Reputation: 1733
I am reading data from an UDP socket in a while loop. I need the most efficient way to
1) Read the data (*) (that's kind of solved, but comments are appreciated)
2) Dump the (manipulated) data periodically in a file (**) (The Question)
I am anticipating a bottleneck in the numpy's "tostring" method. Let's consider the following piece of (an incomplete) code:
import socket
import numpy
nbuf=4096
buf=numpy.zeros(nbuf,dtype=numpy.uint8) # i.e., an array of bytes
f=open('dump.data','w')
datasocket=socket.socket(socket.AF_INET, socket.SOCK_DGRAM)
# ETC.. (code missing here) .. the datasocket is, of course, non-blocking
while True:
gotsome=True
try:
N=datasocket.recv_into(buf) # no memory-allocation here .. (*)
except(socket.error):
# do nothing ..
gotsome=False
if (gotsome):
# the bytes in "buf" will be manipulated in various ways ..

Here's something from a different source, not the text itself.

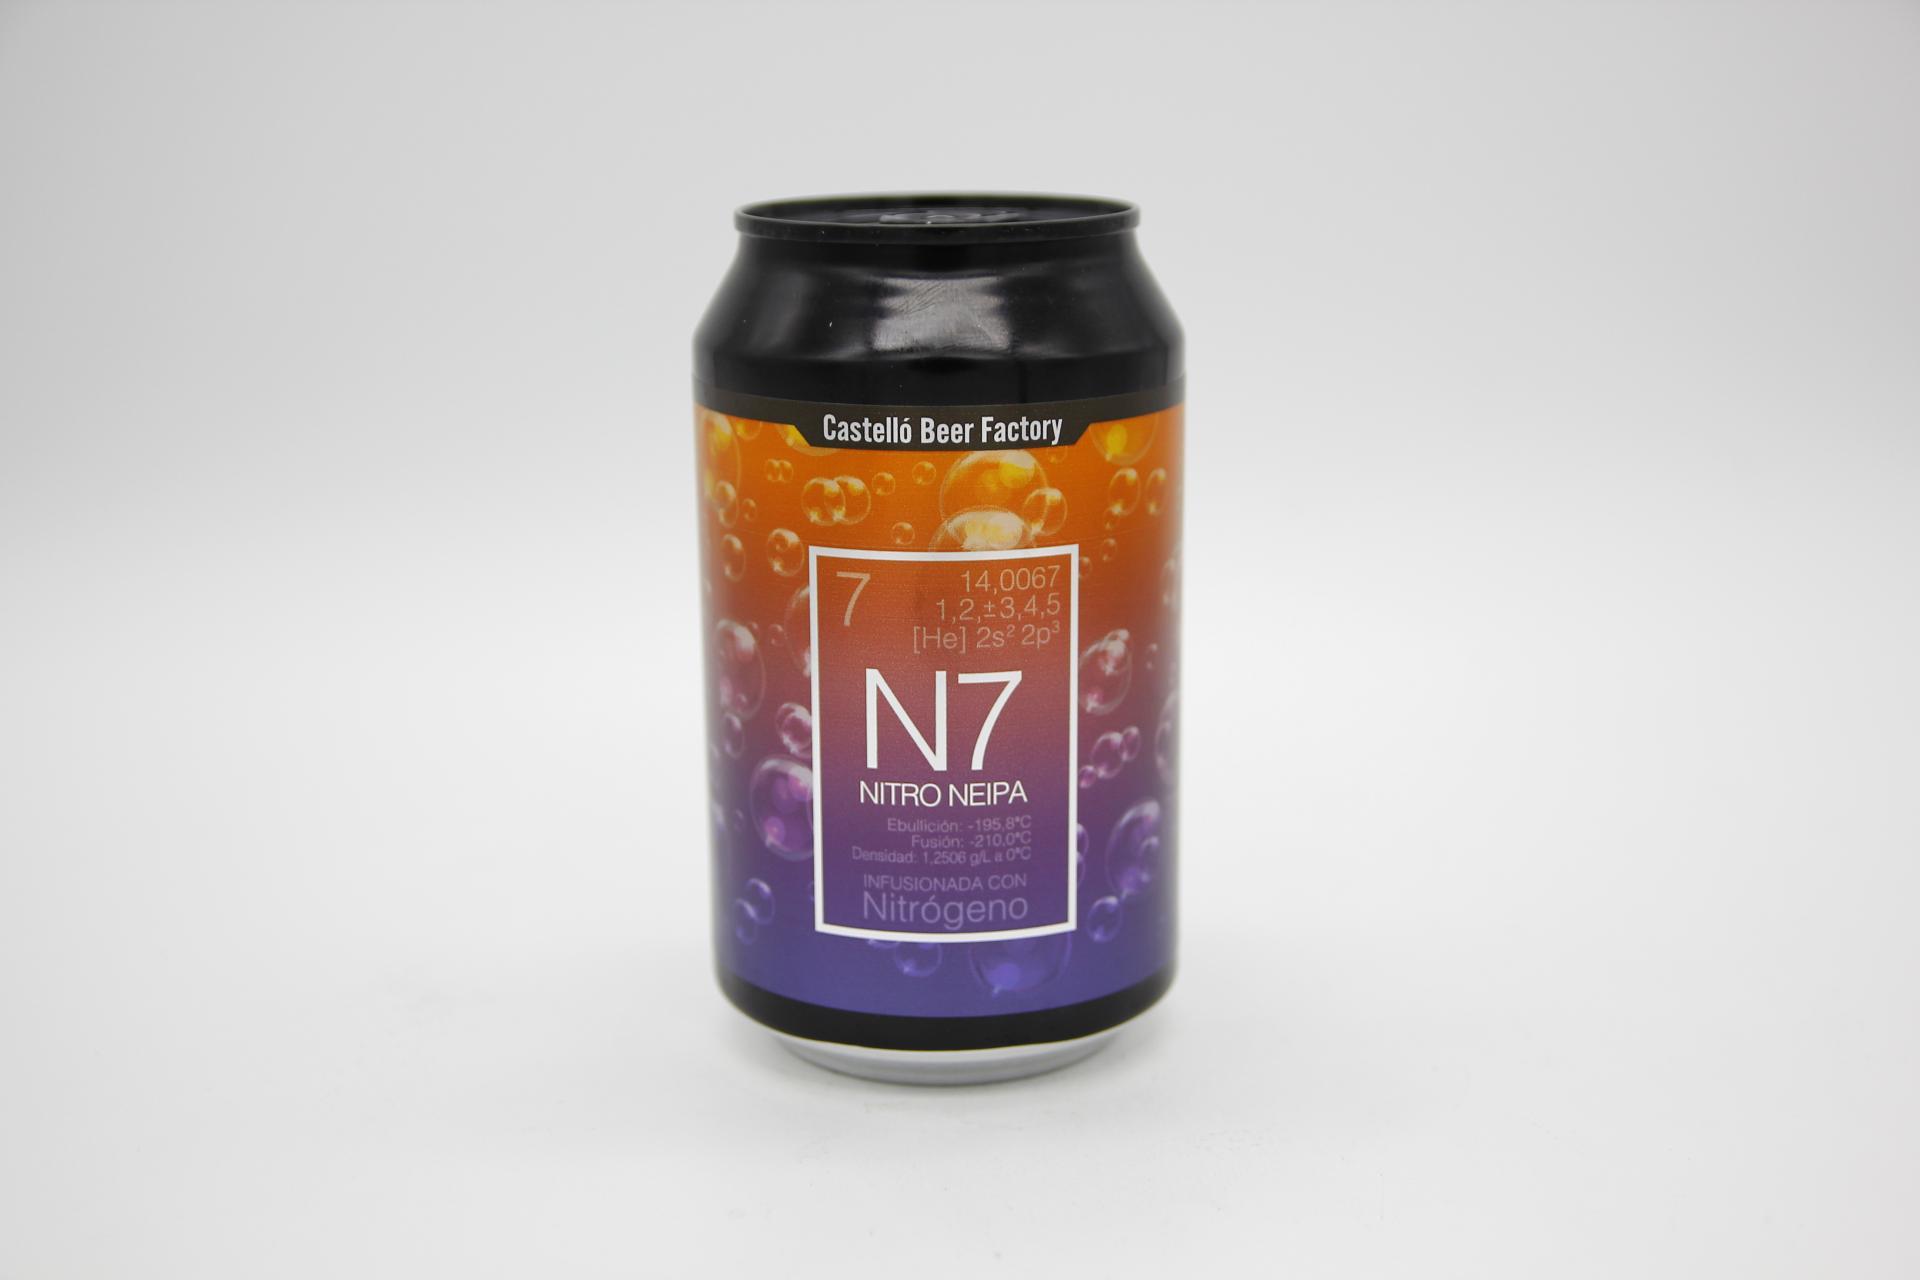 CASTELLÓ BEER FACTORY - N7 33cl

# the following write is done frequently (not necessarily in each pass of the while loop):
f.write(buf[:N].tostring()) # (**) The question: what is the most efficient way to do this?
f.close()
Now, at (**), as I understand it:
1) buf[:N] allocates memory for a new array object, having the length N+1, right? (maybe not)
.. and after that:
2) buf[:N].tostring() allocates memory for a new string, and the bytes from buf are copied into this string
That seems a lot of memory-allocation & swapping. In this same loop, in the future, I will read several sockets and write into several files.
Is there a way to just tell f.write to access directly the memory address of "buf" from 0 to N bytes and write them onto the disk?
I.e., to do this in the spirit of the buffer interface and avoid those two extra memory allocations?
P. S. f.write(buf[:N].tostring()) is equivalent to buf[:N].tofile(f)
Upvotes: 2
Views: 3654
Reputation: 284602
Basically, it sounds like you want to use the array's tofile
method or directly use the ndarray.data
buffer object.
For your exact use-case, using the array's data
buffer is the most efficient, but there are a lot of caveats that you need to be aware of for general use. I'll elaborate in a bit.
However, first let me answer a couple of your questions and provide a bit of clarification:
buf[:N]
allocates memory for a new array object, having the length N+1, right?
It depends on what you mean by "new array object". Very little additional memory is allocated, regardless of the size of the arrays involved.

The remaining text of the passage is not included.